***** PROVIDED MATERIAL *****
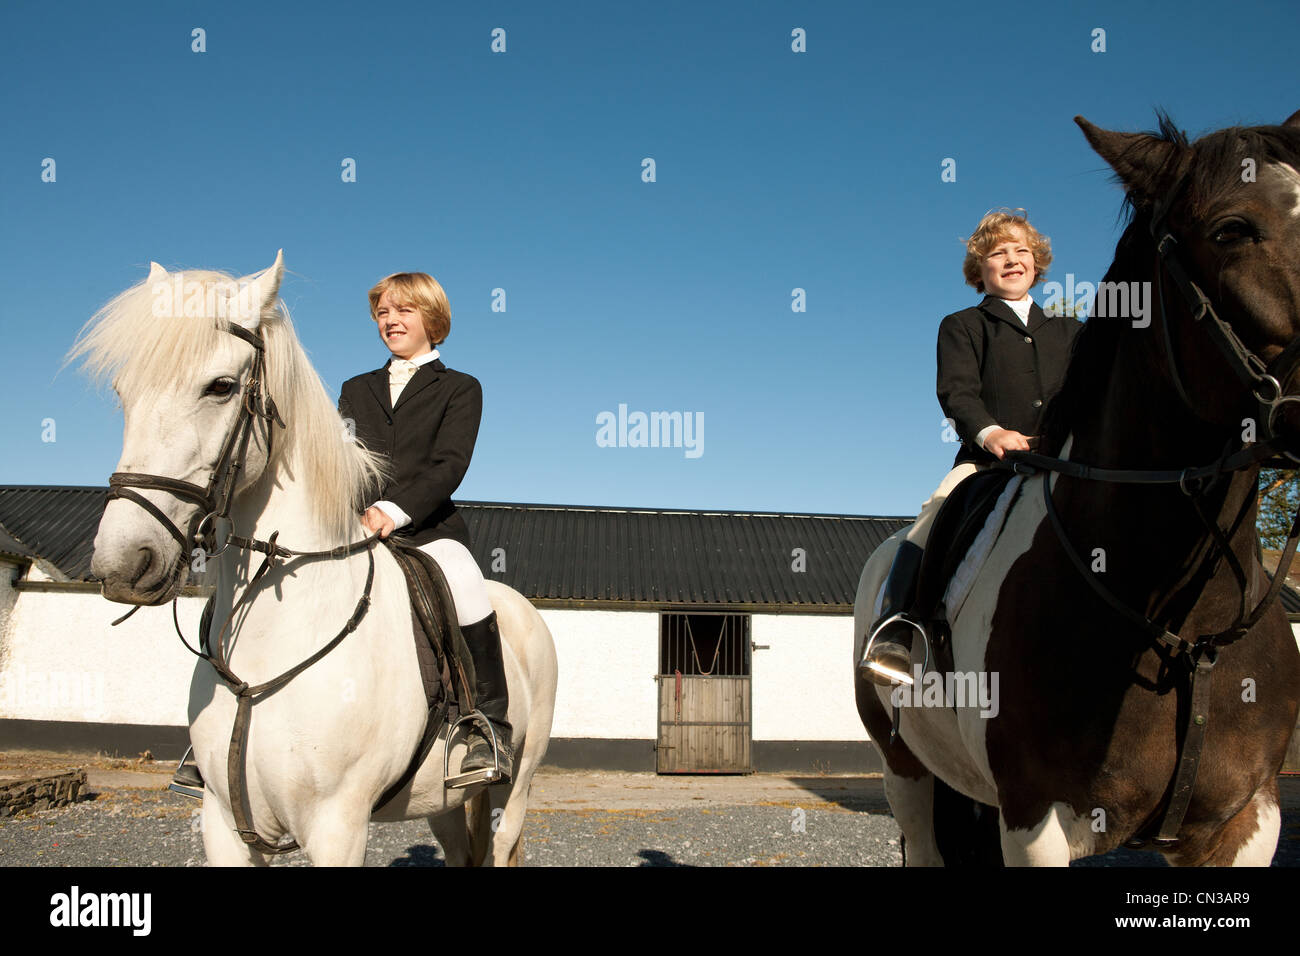 Two boys riding horses Stock Photo
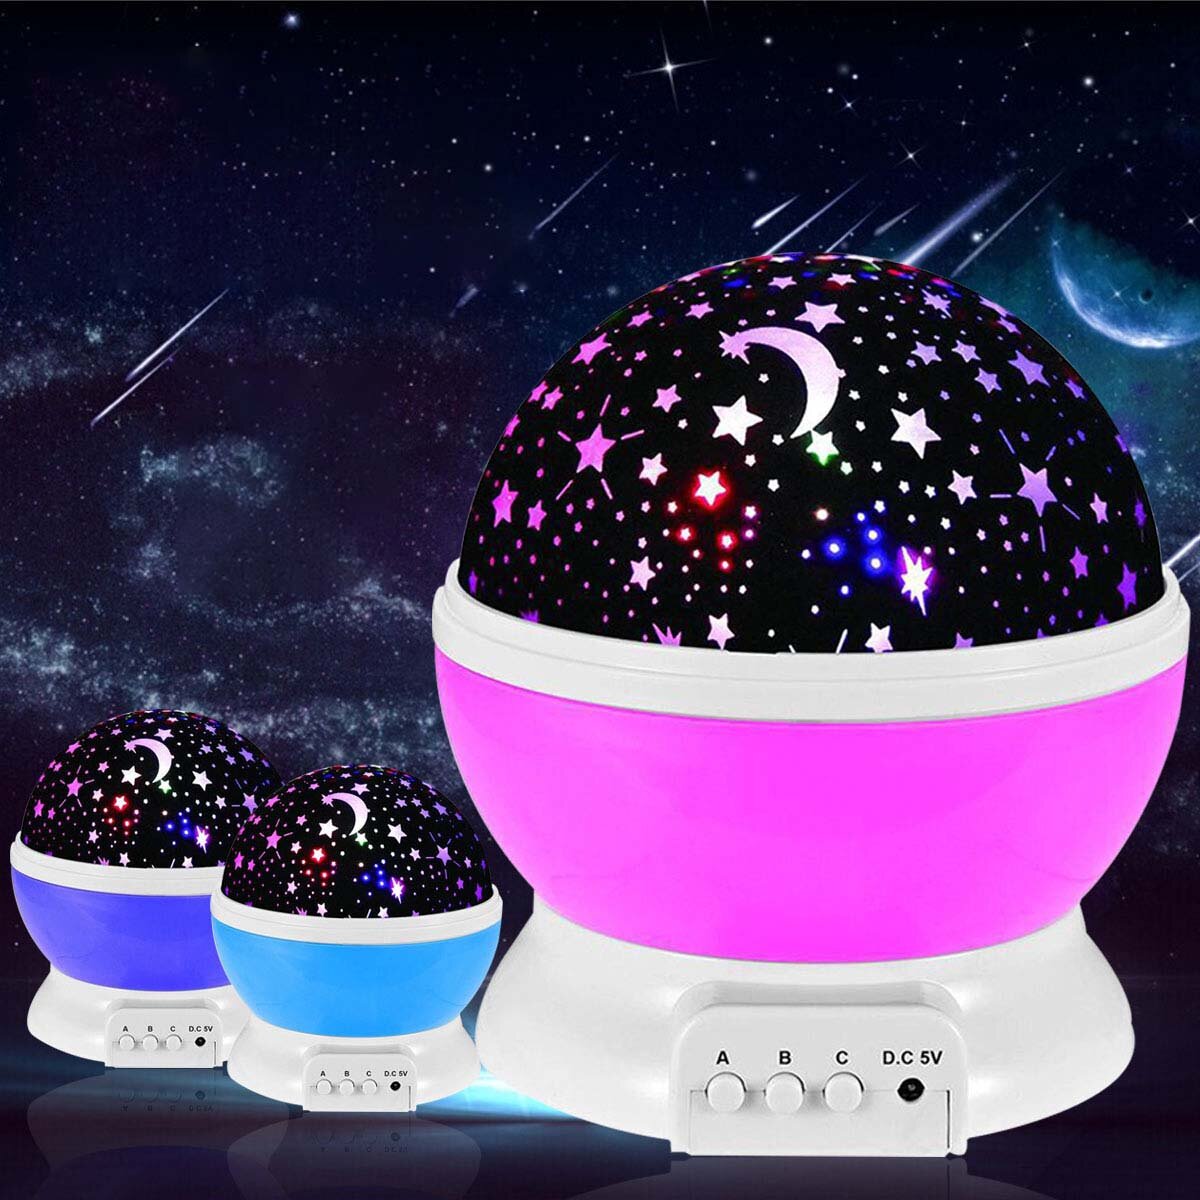 LED Starry Projector Lamp Baby Nachtlampje USB Romantische Roterende Maan Cosmos Sky Ster Projectiel
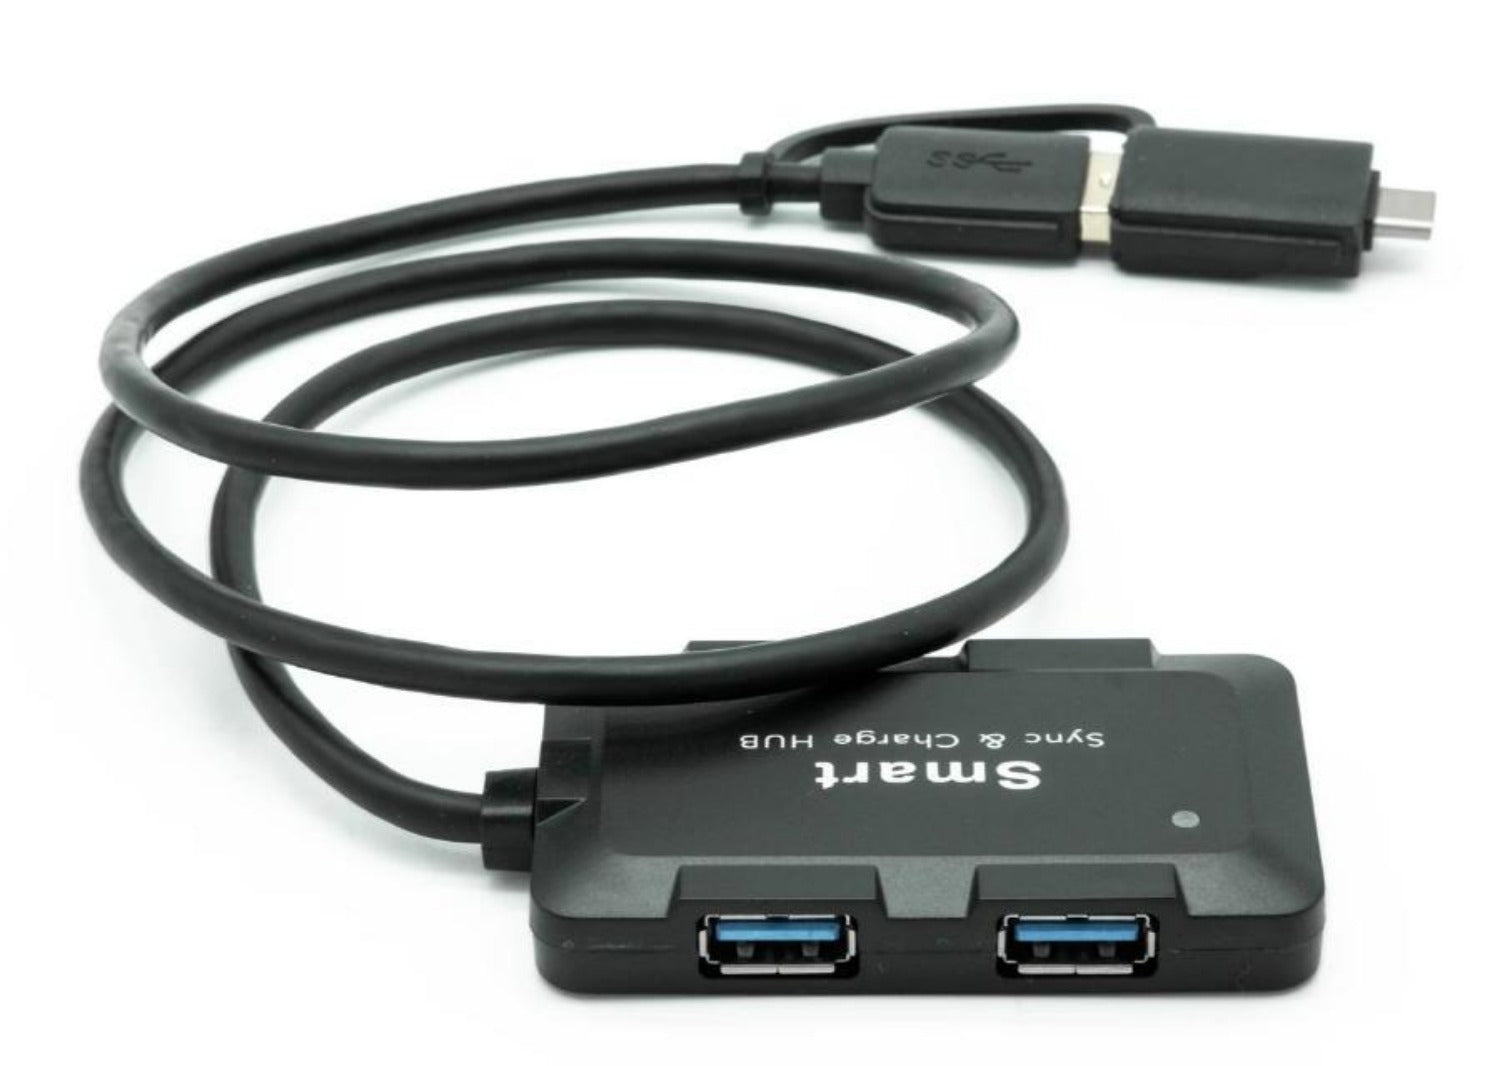 USB Type-C to USB3 hub
*****
Line by line, write out the material above exactly, with no images.

◆ FINAL ANSWER ◆
 Two boys riding horses Stock Photo
 LED Starry Projector Lamp Baby Nachtlampje USB Romantische Roterende Maan Cosmos Sky Ster Projectiel
 USB Type-C to USB3 hub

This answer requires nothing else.